# How to integrate with respect to $x^2$?

$$\int x\,dx^2$$

I'm having trouble comprehending this question. I can perform substitution, but when I do I come out wrong. Here's how I've happened to handle this:

$\int x\,dx^2$

$u=x^2$

$du=2x\,dx$

$dx=\frac {du}{2x}$

$\frac12 \int x\frac{du}{2x}$

$\frac 12\int\frac12\,du$

$\frac u4$

$\frac {x^2}{4}$

It says that it's wrong. Me showing my work was just a desperate attempt at solving it. I'd really like a guide through the problem please.

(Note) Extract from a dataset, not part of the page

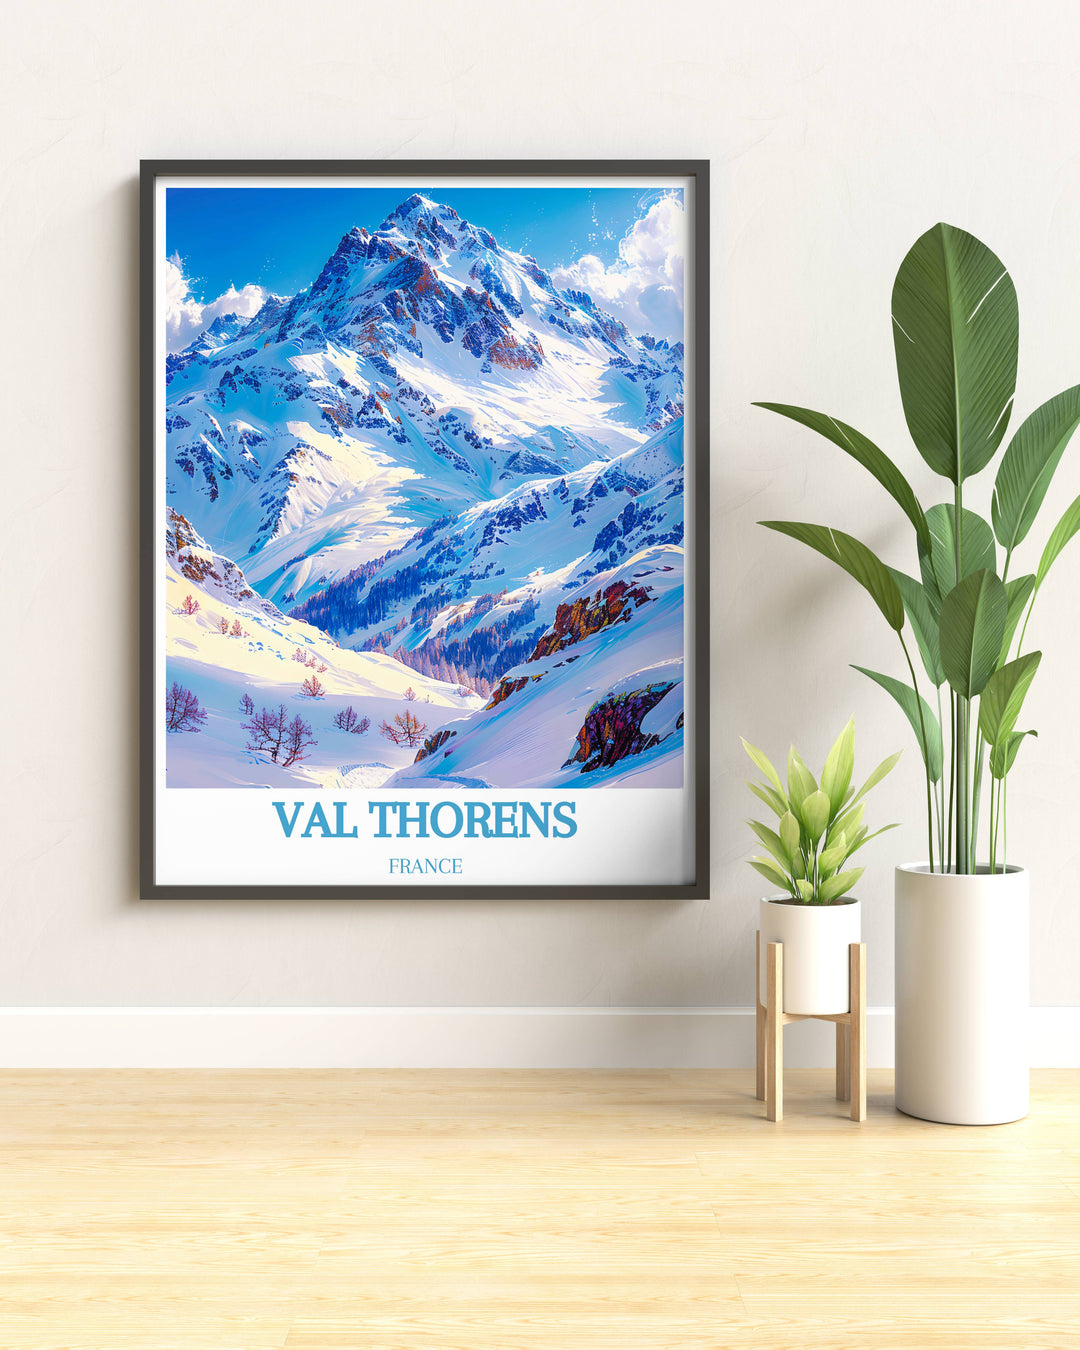 Cime Caron vintage posters depicting the timeless charm and dynamic scenery of Val Thorens, a renowned destination in the French Alps. A perfect addition to any art collection or home decor.

Also, apparently the answer is $\frac {2x^3}{3}$

• You substituted $\mathrm{d}x$ for $\mathrm{d}(x^2)$, but these are not equal. Commented May 19, 2015 at 1:14
• So would that apply to my $du$? Thanks for the help by the way! Commented May 19, 2015 at 1:15
• My Russian high school teacher always said "Back in Russia it was minus $50$ points for forgetting the $+C$." For us, it was minus $10$ points the first time, but minus all the points any subsequent times. I learned after the first time. In short, the answer should have a $+C$. Commented May 19, 2015 at 1:17
• Indeed. These [1] [2] comics should make you laugh and remember to be in the habit of keeping those +C's (or +monkeys etc...) to avoid losing points. Commented May 19, 2015 at 1:19
• @PeterWoolfitt: glad that such teachers don't live here in Russia :) Forgetting $+C$ seems to me like a typo, if the concept of "$+C$" is understood :) Commented May 19, 2015 at 1:21

If $u = x^2$, then modulo a sign, $x = \sqrt{u}$. Hence the integral is equal to

$$\int \sqrt{u} \ du = \frac{2}{3}u^{3/2} \ (+ C) = \frac{2}{3}x^3 \ (+ C)$$

An alternative approach: $d(x^2) = 2x\,dx$ so you have

$$\int x\,d(x^2) = \int 2x^2 \,dx = \frac{2}{3}x^3+C.$$

Everything was going fine until $$\mathrm{d}x=\frac{\mathrm{d}u}{2x}$$. Instead, letting $u=x^2\implies x=\sqrt{u}$ $$\int\!x\,\mathrm{d}(x^2)=\int\!\sqrt{u}\,\mathrm{d}u$$ $$=\frac{2}{3}\sqrt{u}^3+c$$ $$=\frac{2}{3}x^3+c$$

• I see what I did! Thank you so much!! Commented May 19, 2015 at 1:18

you can solve this integration by another method. As we are familiar with integrating with dx instead of $dx^2$, so it will be easier if we translate it to an integral with dx.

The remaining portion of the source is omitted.